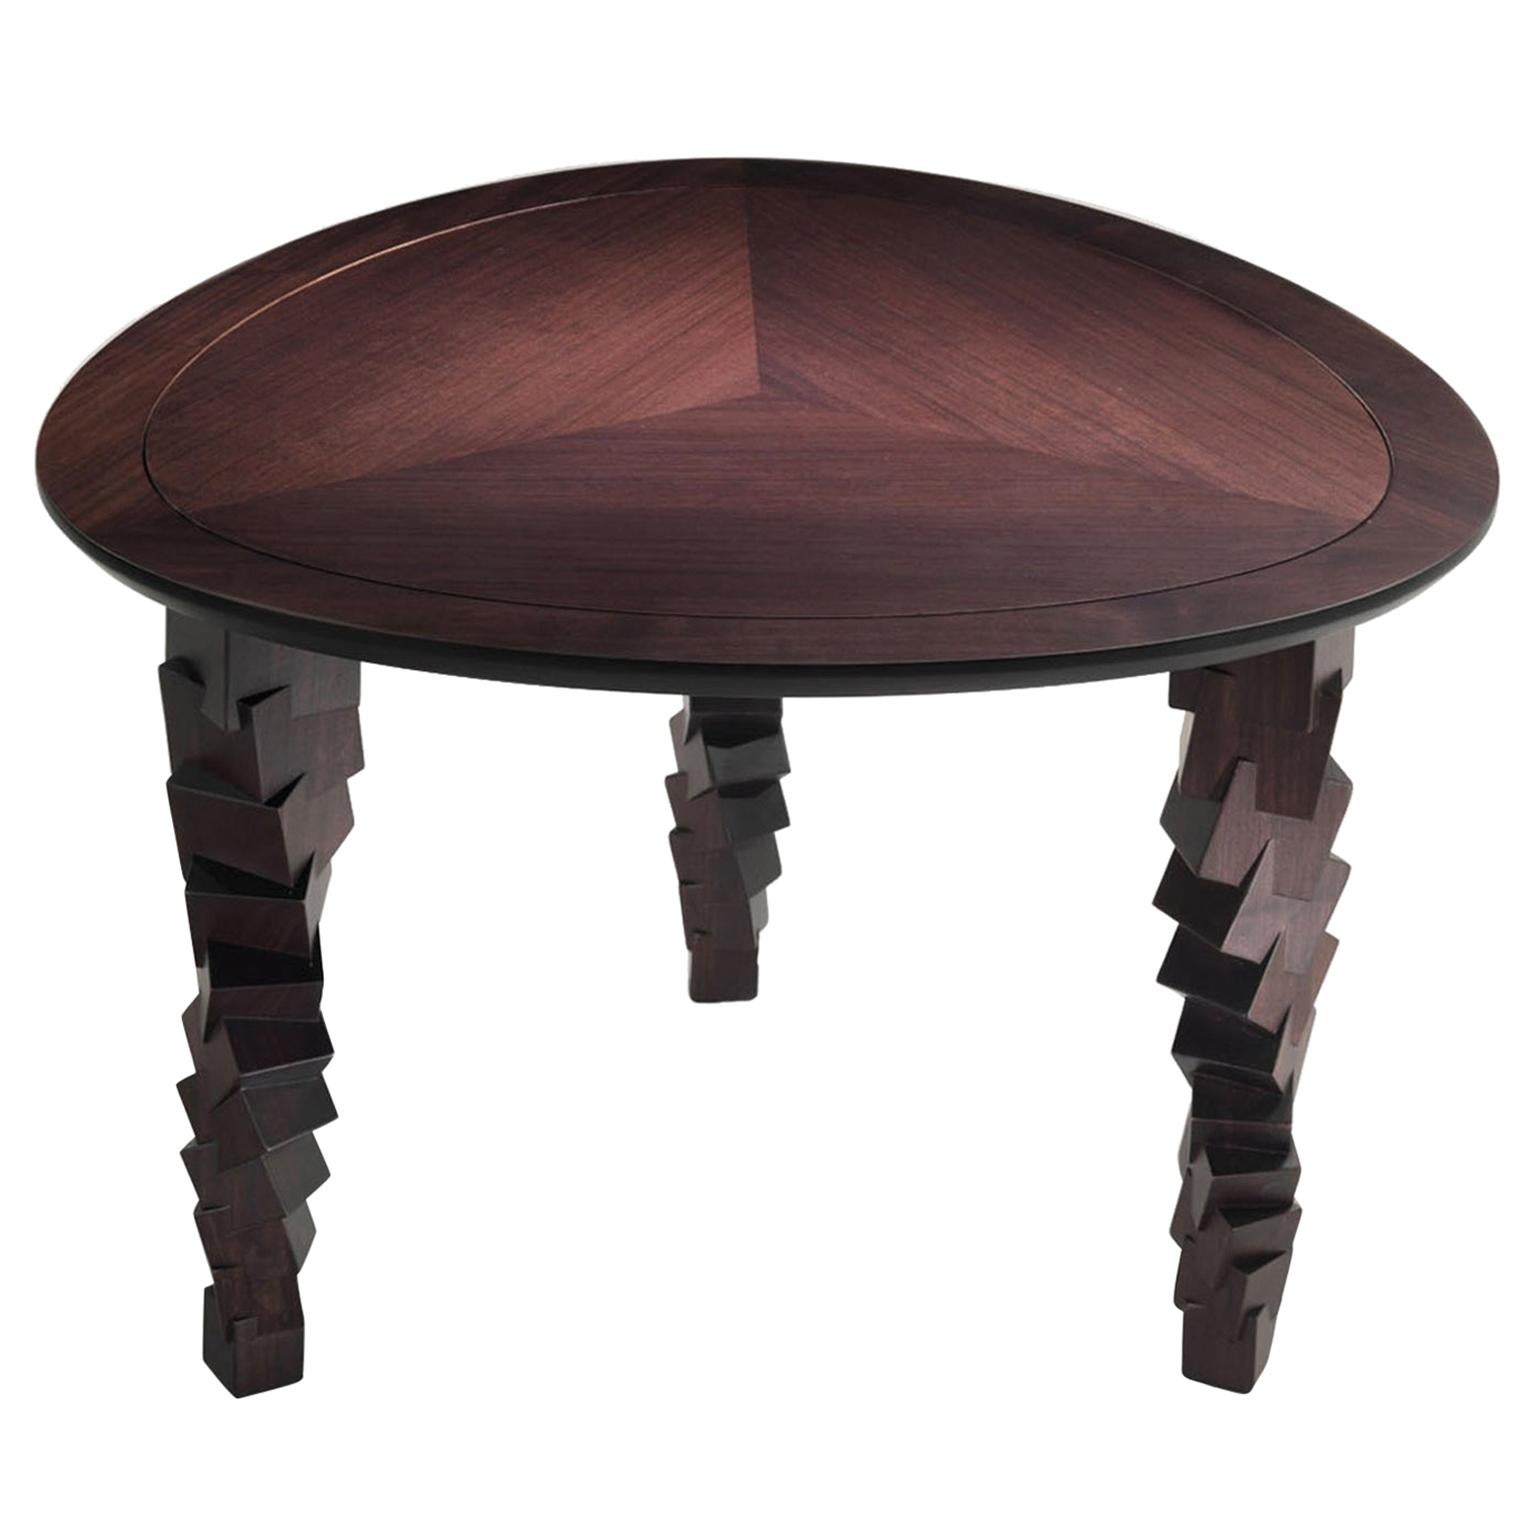 LUI/4 Petite table en bois massif sculpté Brown avec plateau marqueté et pieds sculptés 
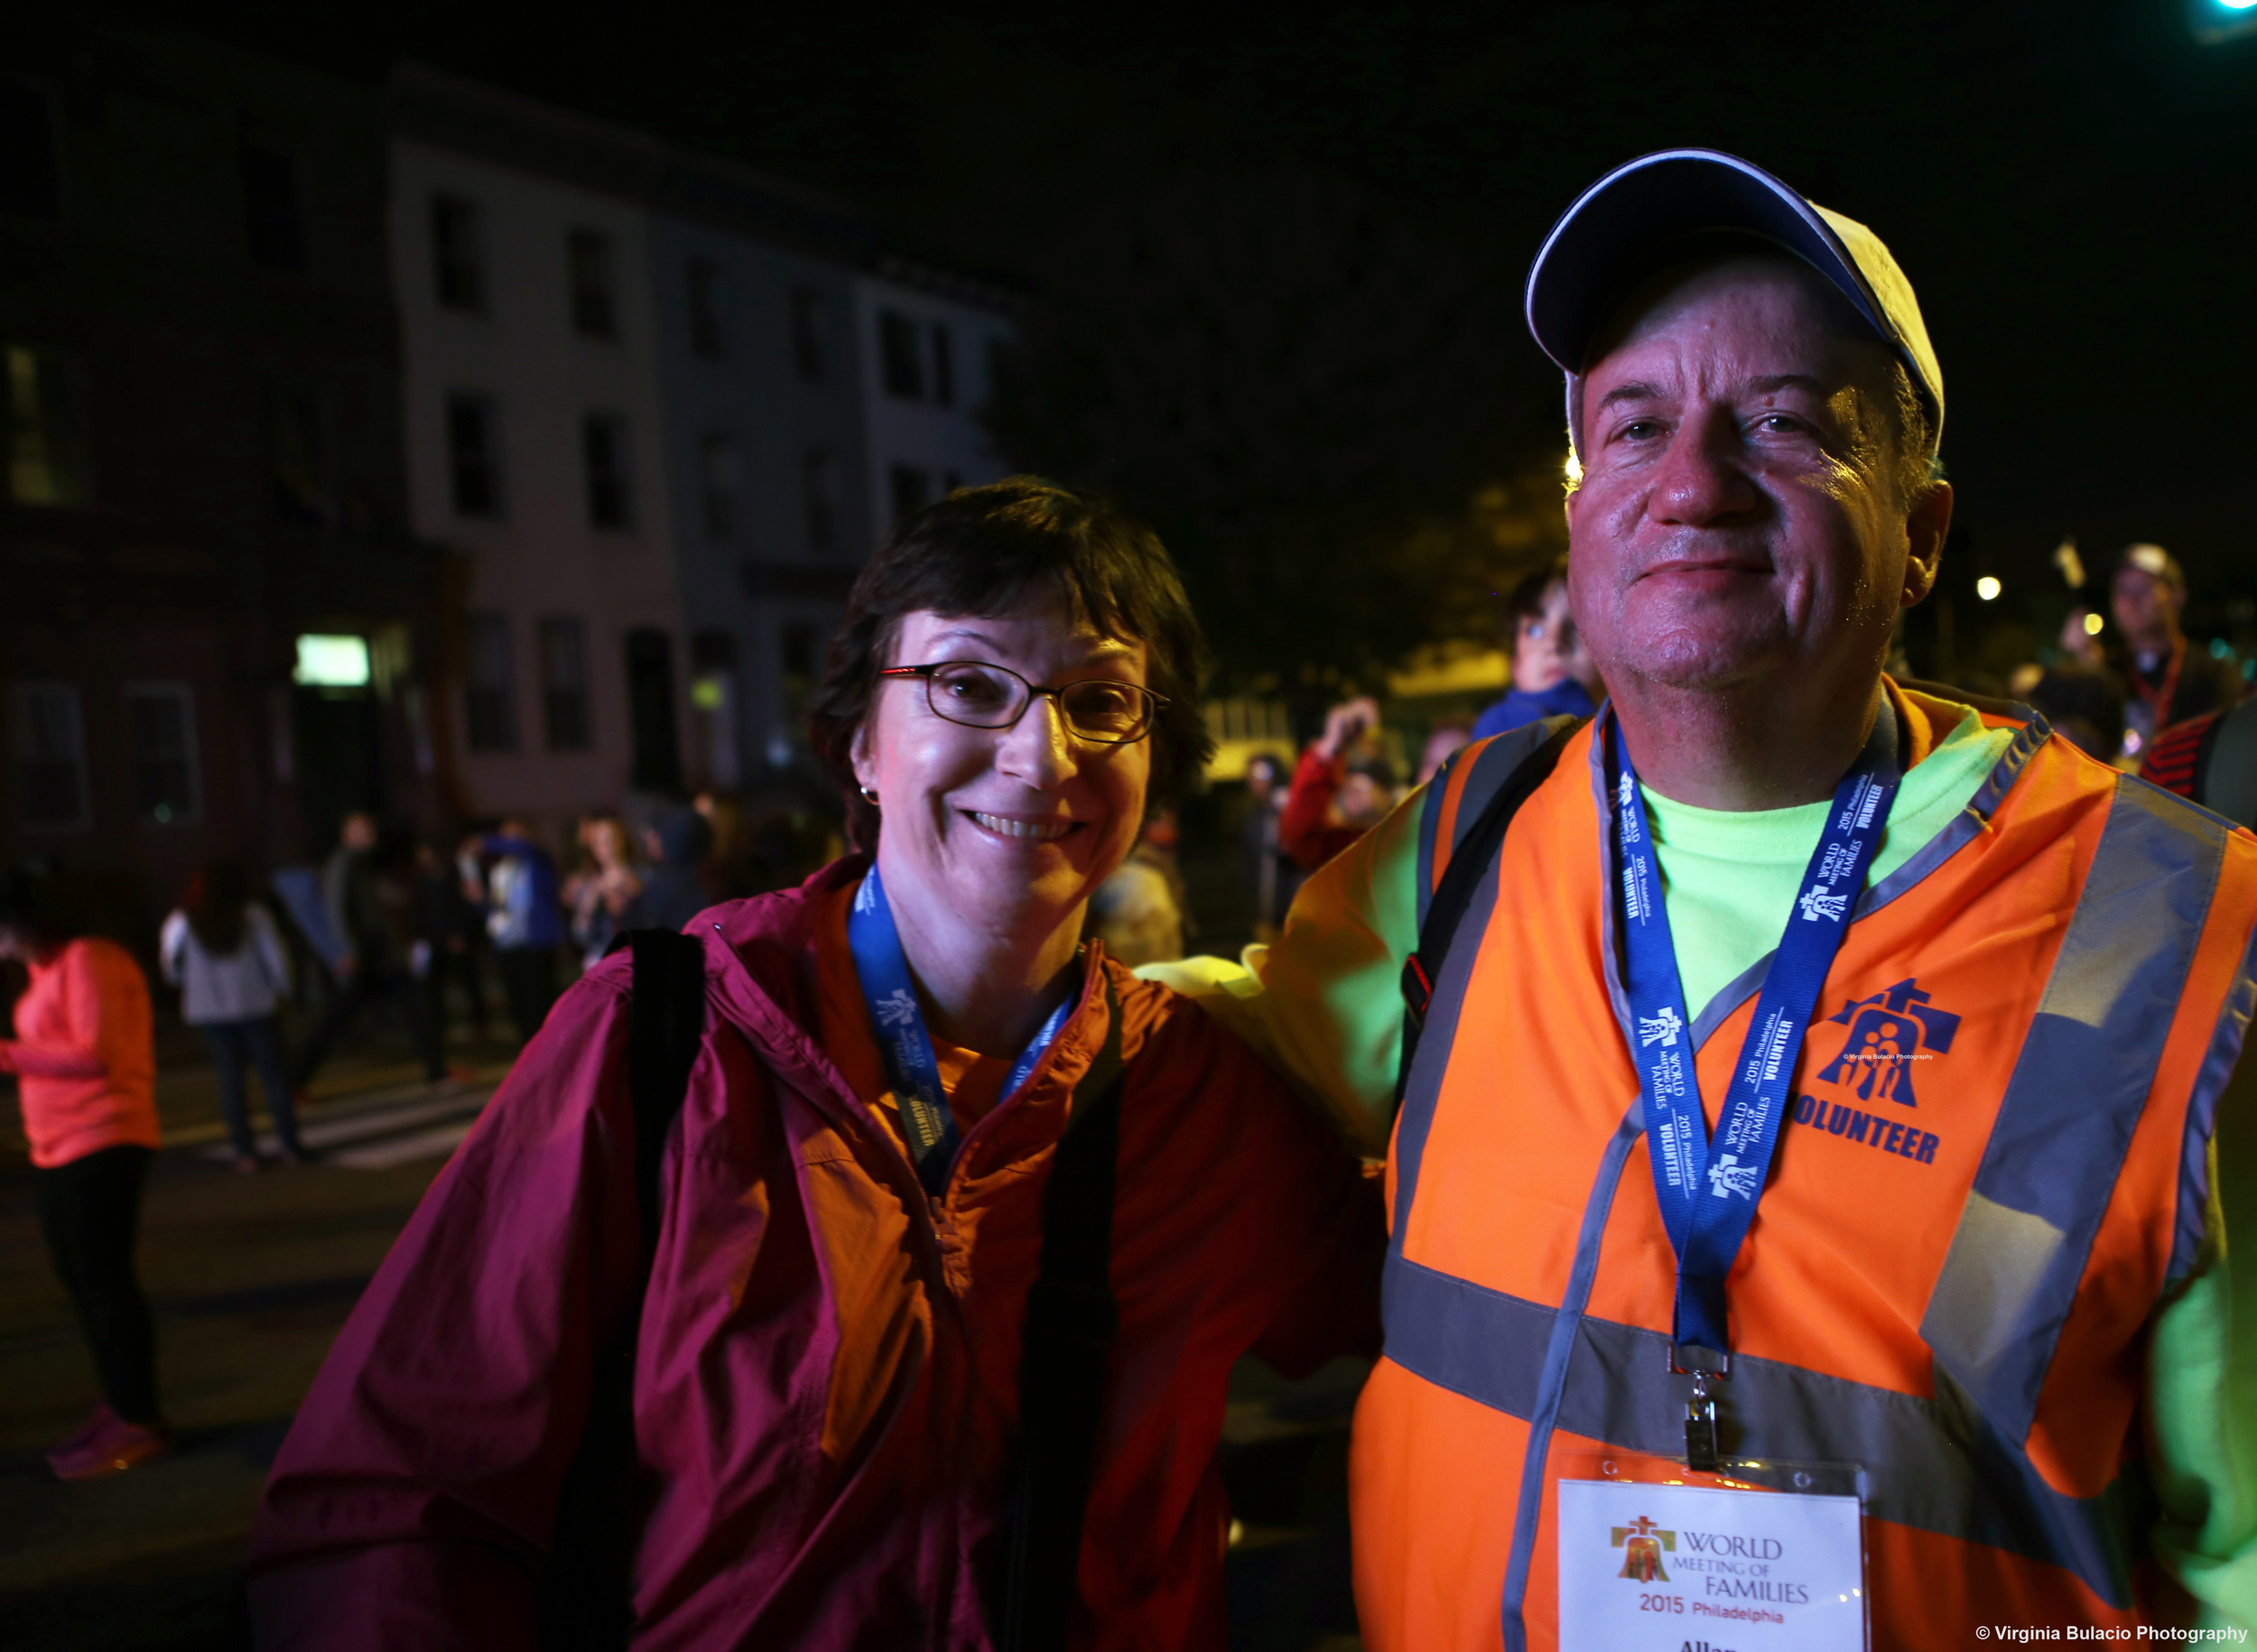  Theresa Casciato (izquierda) y uno de los capitanes de voluntarios Allan Costello, durante el Encuentro Mundial de las Familias en Filadelfia.&nbsp;    
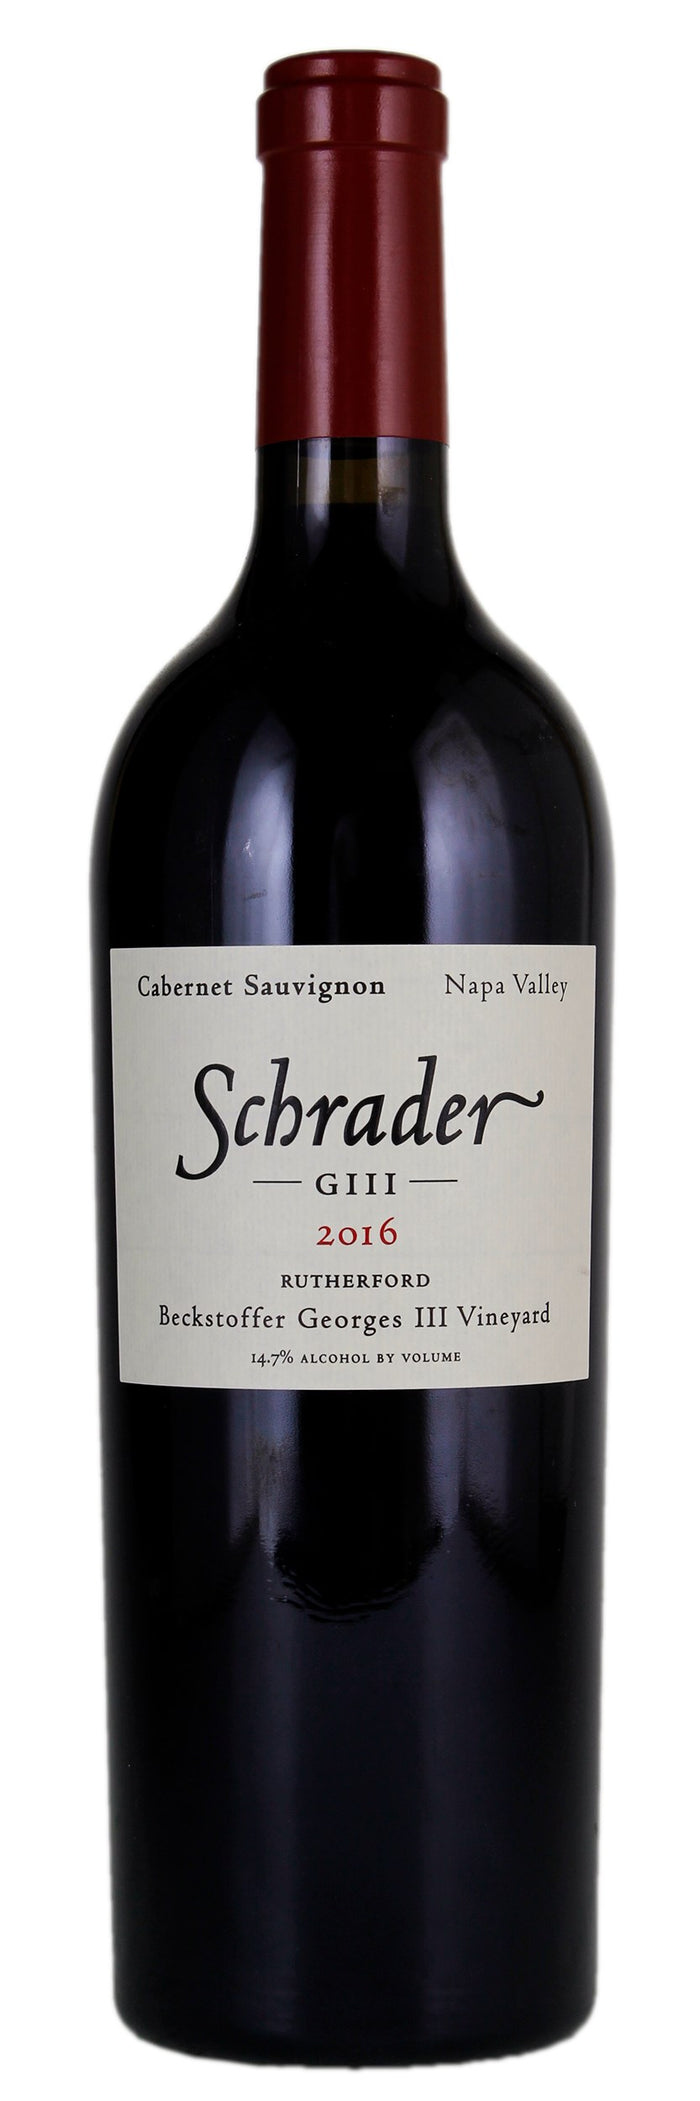 2016 | Schrader | GIII Beckstoffer Georges III Vineyard

▶ [Goal of the exercise]: What you hand back should match the listing exactly, except that no pictures appear.

▶ [Solution for this problem]:
 LUI/4 Petite table en bois massif sculpté Brown avec plateau marqueté et pieds sculptés 
  Theresa Casciato (izquierda) y uno de los capitanes de voluntarios Allan Costello, durante el Encuentro Mundial de las Familias en Filadelfia.&nbsp;    
 2016 | Schrader | GIII Beckstoffer Georges III Vineyard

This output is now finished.